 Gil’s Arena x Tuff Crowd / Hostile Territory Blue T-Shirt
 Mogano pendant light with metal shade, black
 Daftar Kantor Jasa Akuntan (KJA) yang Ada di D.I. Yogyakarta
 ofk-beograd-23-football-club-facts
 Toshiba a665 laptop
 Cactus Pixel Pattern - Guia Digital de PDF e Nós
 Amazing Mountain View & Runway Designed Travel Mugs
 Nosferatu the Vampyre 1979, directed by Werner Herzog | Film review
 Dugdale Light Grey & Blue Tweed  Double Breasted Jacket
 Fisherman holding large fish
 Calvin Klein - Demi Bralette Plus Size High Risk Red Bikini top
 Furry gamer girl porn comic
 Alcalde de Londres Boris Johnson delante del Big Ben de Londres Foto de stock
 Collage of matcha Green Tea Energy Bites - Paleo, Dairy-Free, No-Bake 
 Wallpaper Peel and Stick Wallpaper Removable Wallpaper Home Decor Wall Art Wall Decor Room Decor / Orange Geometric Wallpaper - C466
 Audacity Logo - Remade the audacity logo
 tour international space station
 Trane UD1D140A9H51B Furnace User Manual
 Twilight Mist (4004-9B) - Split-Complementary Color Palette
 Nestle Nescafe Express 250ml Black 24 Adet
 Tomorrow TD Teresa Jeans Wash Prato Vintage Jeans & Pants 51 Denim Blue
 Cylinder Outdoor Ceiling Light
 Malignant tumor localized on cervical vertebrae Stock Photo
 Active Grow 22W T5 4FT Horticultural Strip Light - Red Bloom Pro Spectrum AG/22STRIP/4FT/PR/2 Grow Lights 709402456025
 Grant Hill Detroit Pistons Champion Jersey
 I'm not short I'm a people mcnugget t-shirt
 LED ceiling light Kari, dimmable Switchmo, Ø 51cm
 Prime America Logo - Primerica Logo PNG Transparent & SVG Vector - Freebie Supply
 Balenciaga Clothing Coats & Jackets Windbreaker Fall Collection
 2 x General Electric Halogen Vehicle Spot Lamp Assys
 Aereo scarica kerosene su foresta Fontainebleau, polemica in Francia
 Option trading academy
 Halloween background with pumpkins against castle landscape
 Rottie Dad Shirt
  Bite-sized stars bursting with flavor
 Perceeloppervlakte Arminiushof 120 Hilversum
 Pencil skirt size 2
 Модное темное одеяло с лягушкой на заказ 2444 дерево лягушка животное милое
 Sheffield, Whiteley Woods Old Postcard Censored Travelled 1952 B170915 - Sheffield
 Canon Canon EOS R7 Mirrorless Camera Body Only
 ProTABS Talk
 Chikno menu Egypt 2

• What you need to do
All lines in the listing above between the line with "Option trading academy" and the line with "Модное темное одеяло", inclusive, should be set down exactly, and no line outside that range.

• Written answer
 Option trading academy
 Halloween background with pumpkins against castle landscape
 Rottie Dad Shirt
  Bite-sized stars bursting with flavor
 Perceeloppervlakte Arminiushof 120 Hilversum
 Pencil skirt size 2
 Модное темное одеяло с лягушкой на заказ 2444 дерево лягушка животное милое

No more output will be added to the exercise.